Overall, the state spreads a lot more cash in urban areas than rural areas, but on a per capita basis, the spending tilts toward remote locations where schools, health care, aid to families with dependent children, energy assistance and everything else is expensive.

I am confident that in her heart Rogoff believes that the best way to ensure enough money continues flowing toward rural Alaska to keep people alive is to maneuver toward that end behind the scenes. And Walker, who came to power with a promise of transparency, seems to have bought into the idea that government done in secret is the most efficient government.

No can argue against the efficiency of governing in secret, but it is politically dangerous in a democracy. It risks fueling a public revolt that could topple any effort to reshape state government into an economically sustainable entity.

I have no doubt that there have been some “pretty fiery conversations,” as Hackney describes them, in some of the governor’s private meetings between the interests on either side of the tax-and-spending divide. But they have happened in private.

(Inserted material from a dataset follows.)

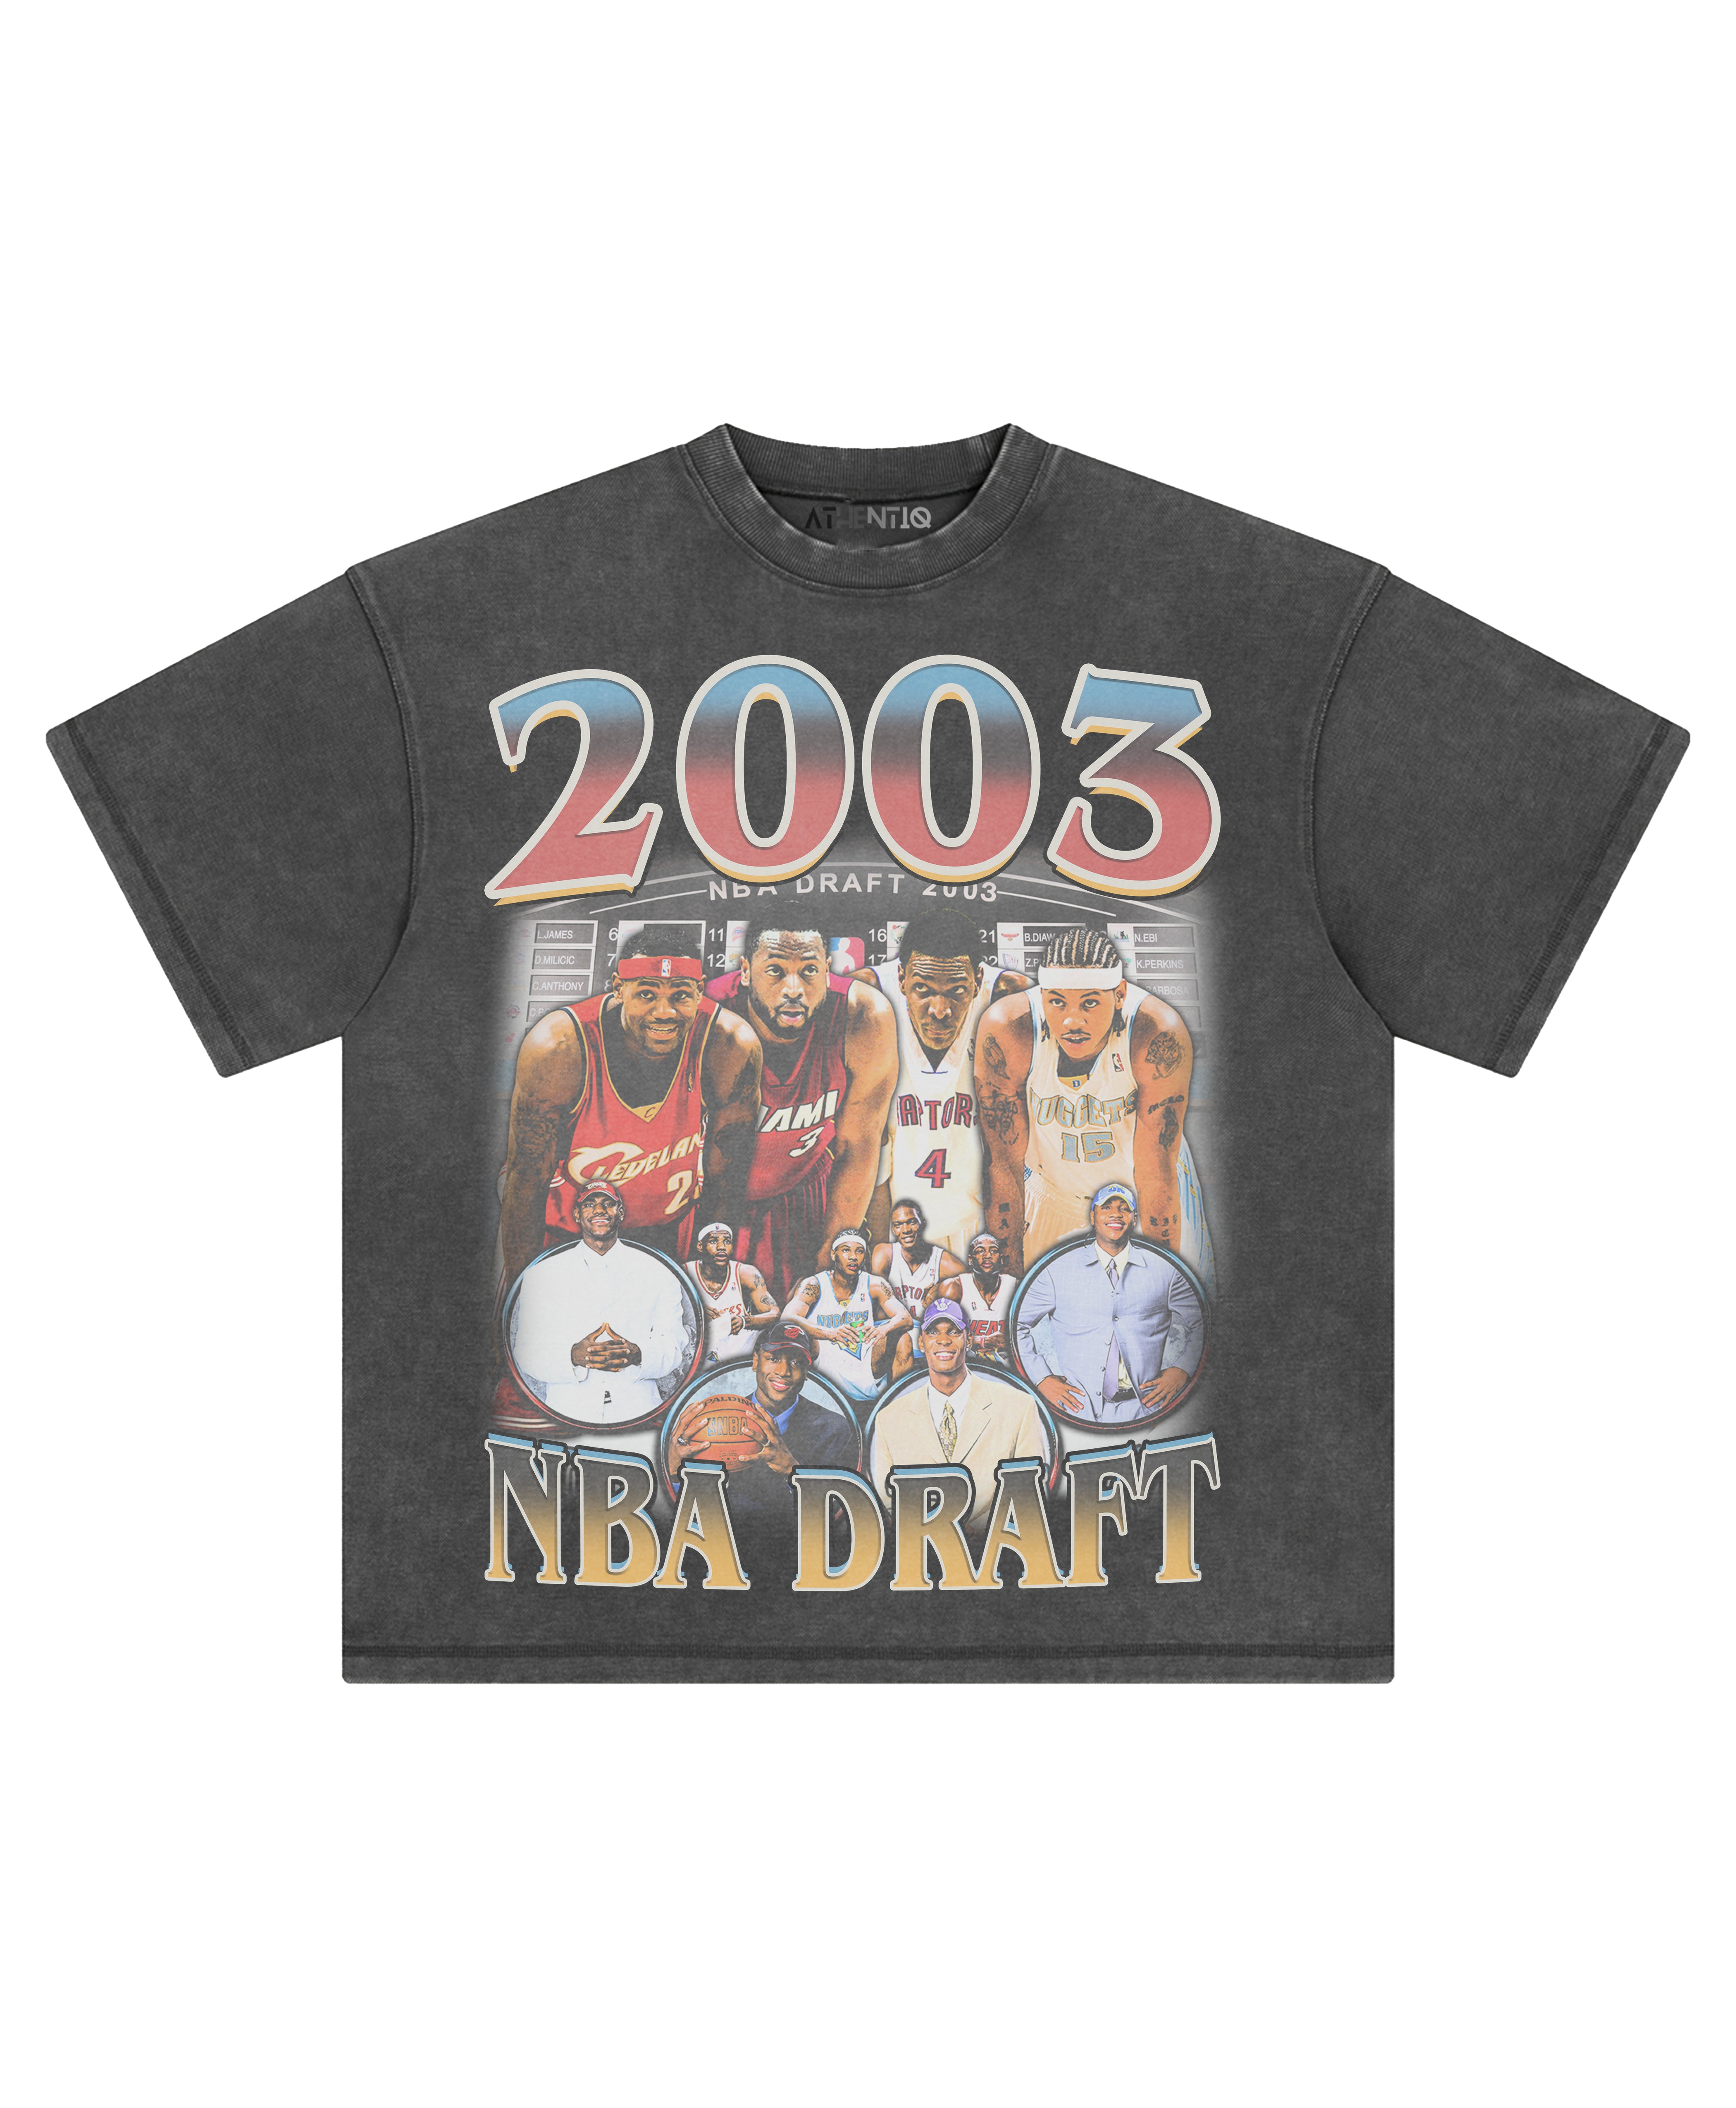 2003 NBA DRAFT TEE

Packaging everything up afterward and announcing a plan leaves the public unaware of what went on in those fiery meetings and worse — far worse — suspicious of what compromises were made. A suspicious electorate is not going to help things.

Alaska is $3.5 billion in the red. It needs a majority of those who believe in the state to honestly and openly work together to solve the state’s big economic problem. Alaskans need to form a solid team. A solid team can only be built around trust. Sadly, the behavior of those who want to do things down in the rabbit warren where no one can see them undermines trust.